Using the book-suggested candidate set of models as well as 10-fold cross-validation to tune the parameters, the optimal neural network model with size of 4 and decay of 1 minimizes RMSE at approximately 2.19.
set.seed(624)
nnetpred_f1 <- predict(nnet_f1, newdata = test_f1$x)
postResample(pred = nnetpred_f1, obs = test_f1$y)
## RMSE Rsquared MAE
## 2.3875982 0.7794368 1.8641057
Evaluating on the test set returns an RMSE of approximately 2.39, which is higher than the training set RMSE. It is also higher than the MARS model RMSE.
Of the four models, the MARS model returns the smallest RMSE (~1.95). That model selects the informative predictors (X1-X5).
Exercise 6.3 describes data for a chemical manufacturing process.
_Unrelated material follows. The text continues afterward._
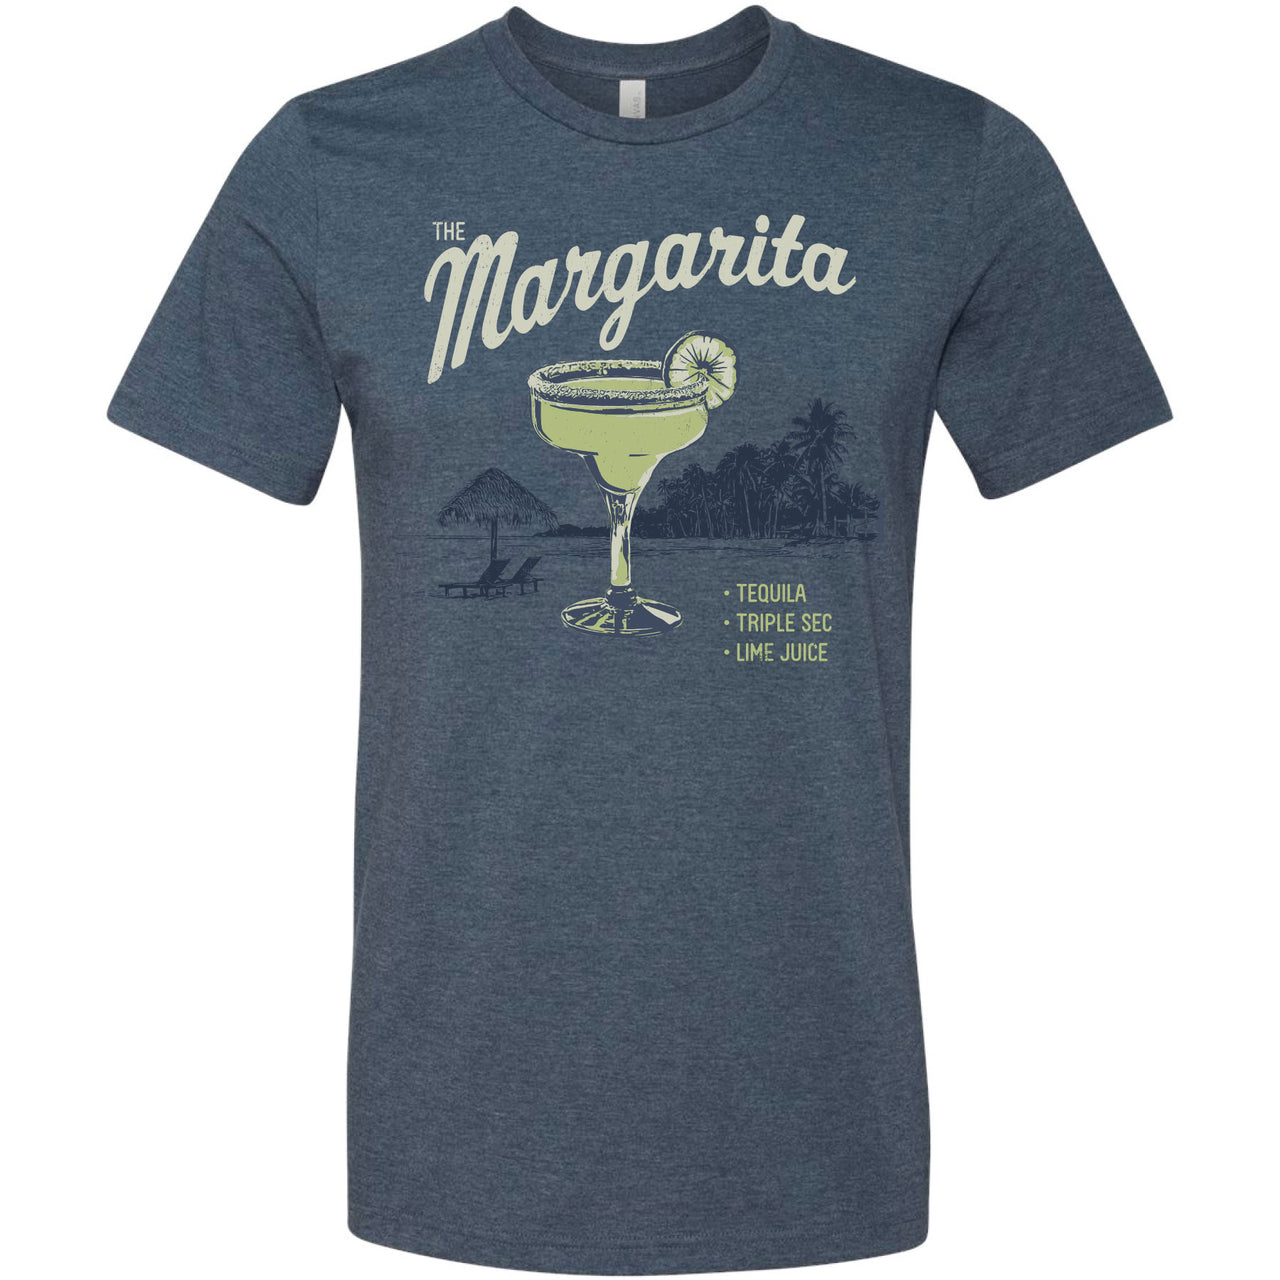 Margarita Mixed Drink T-shirt
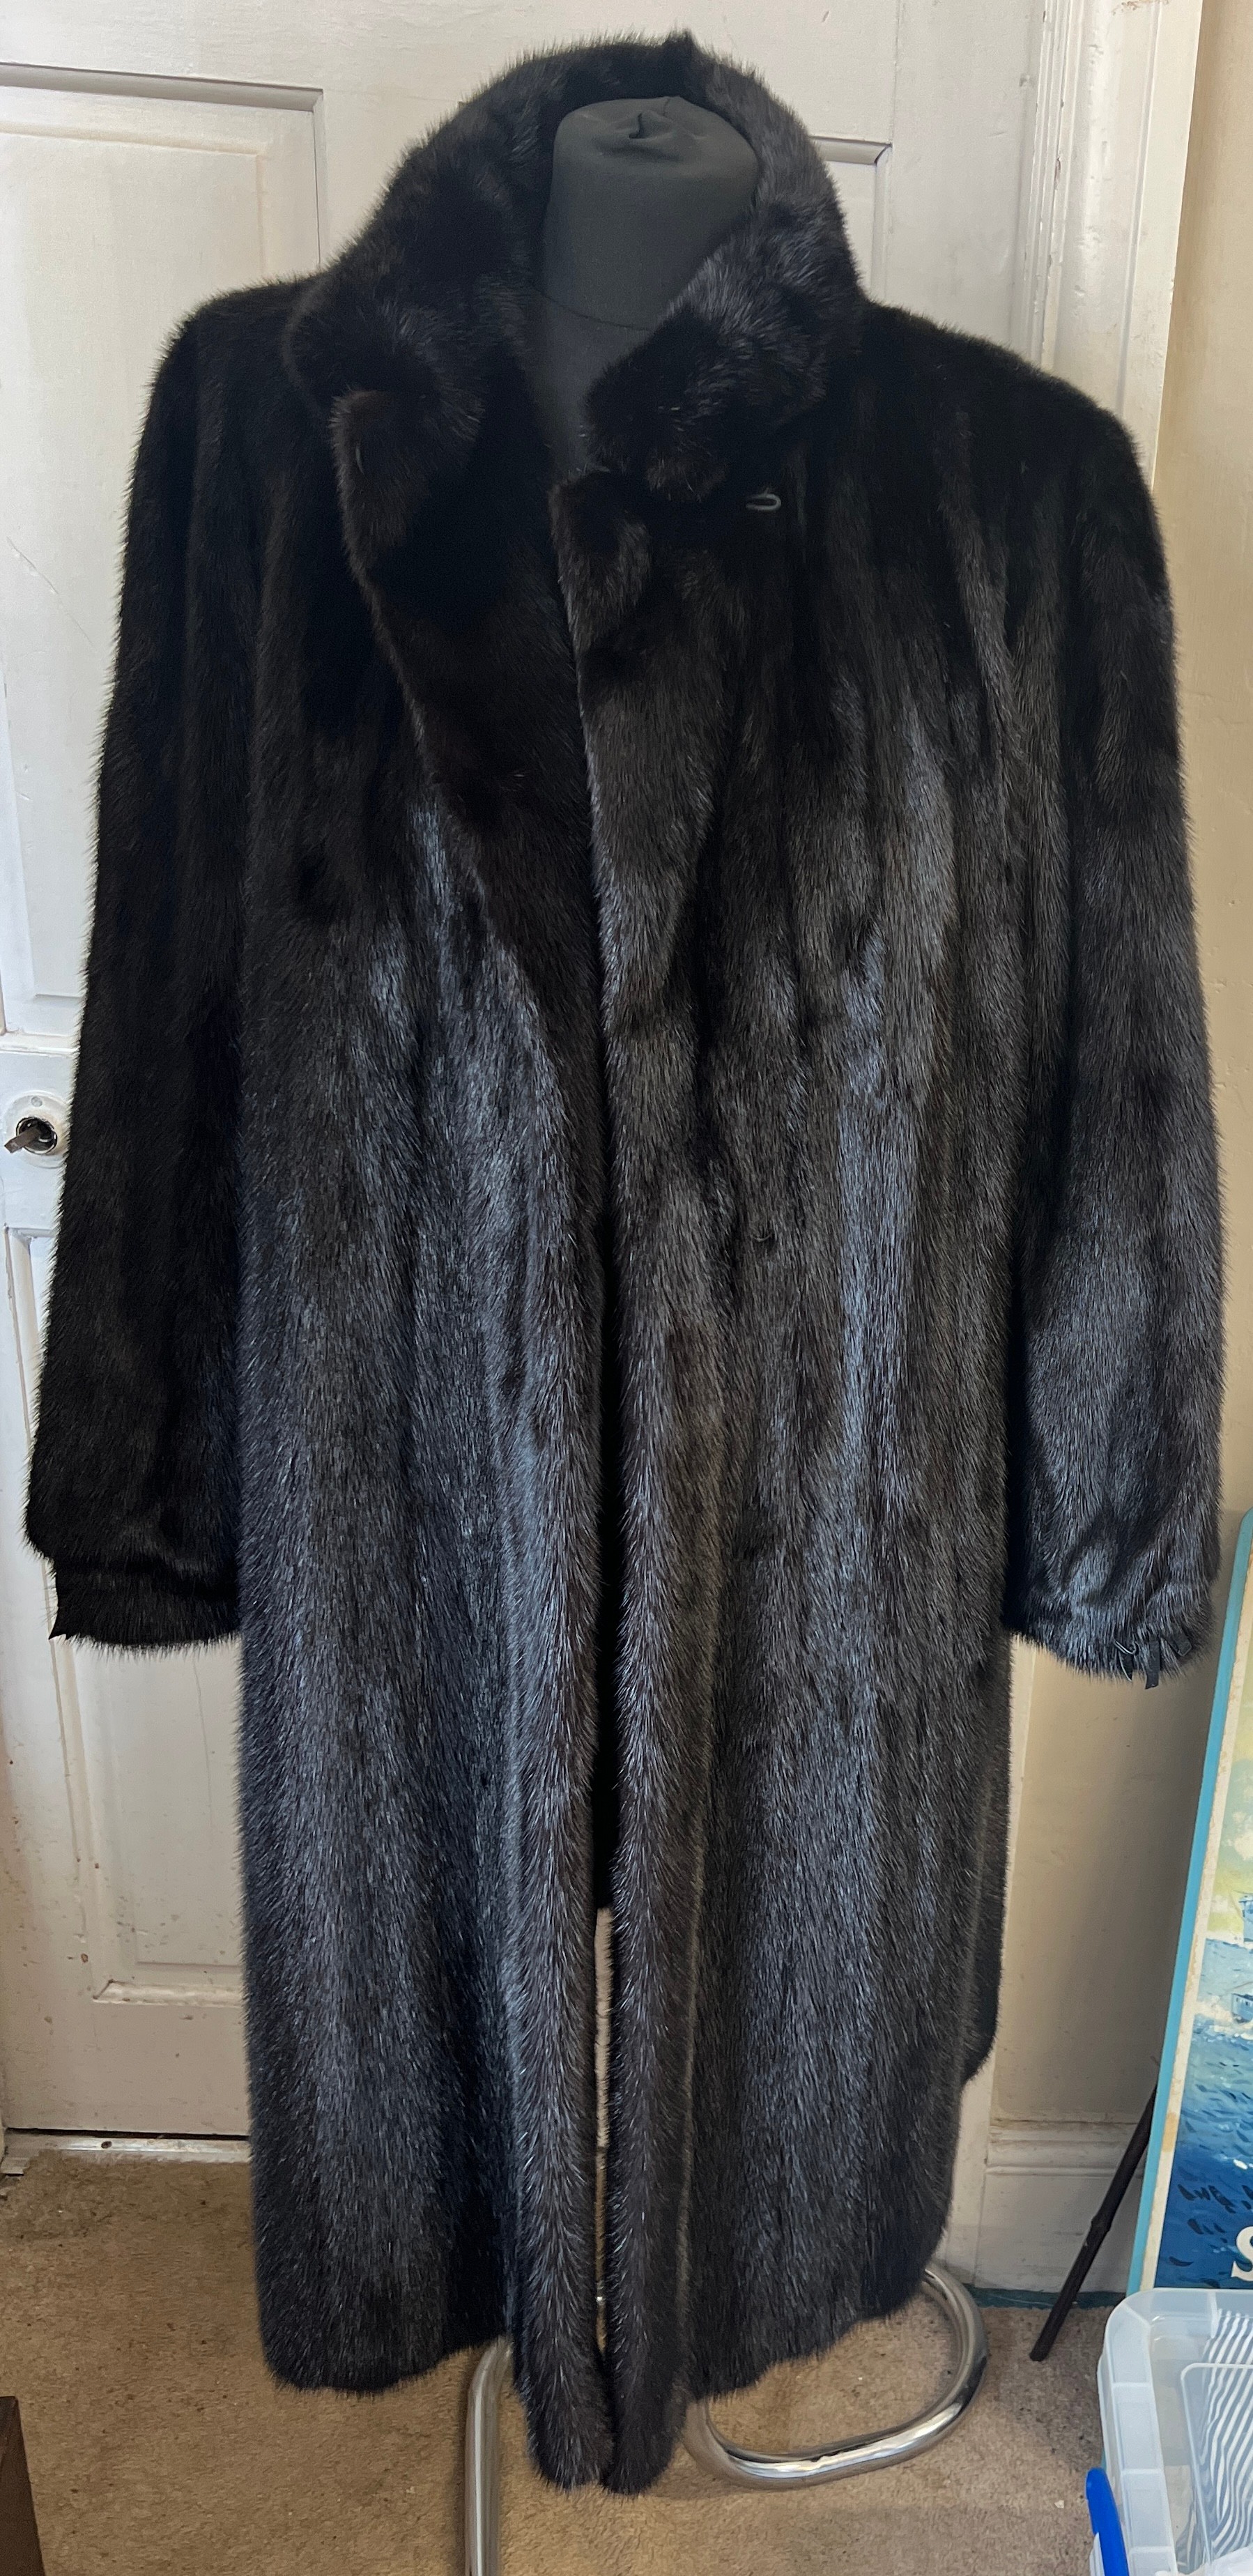 A long length black mink coat.

Use the same data imputation, data splitting, and pre-processing steps as before and train several nonlinear regression models.
The code and descriptions below are adapted directly from the Week 10 Homework assignment.
data("ChemicalManufacturingProcess")
imputed <- impute::impute.knn(as.matrix(ChemicalManufacturingProcess), rng.seed = 624)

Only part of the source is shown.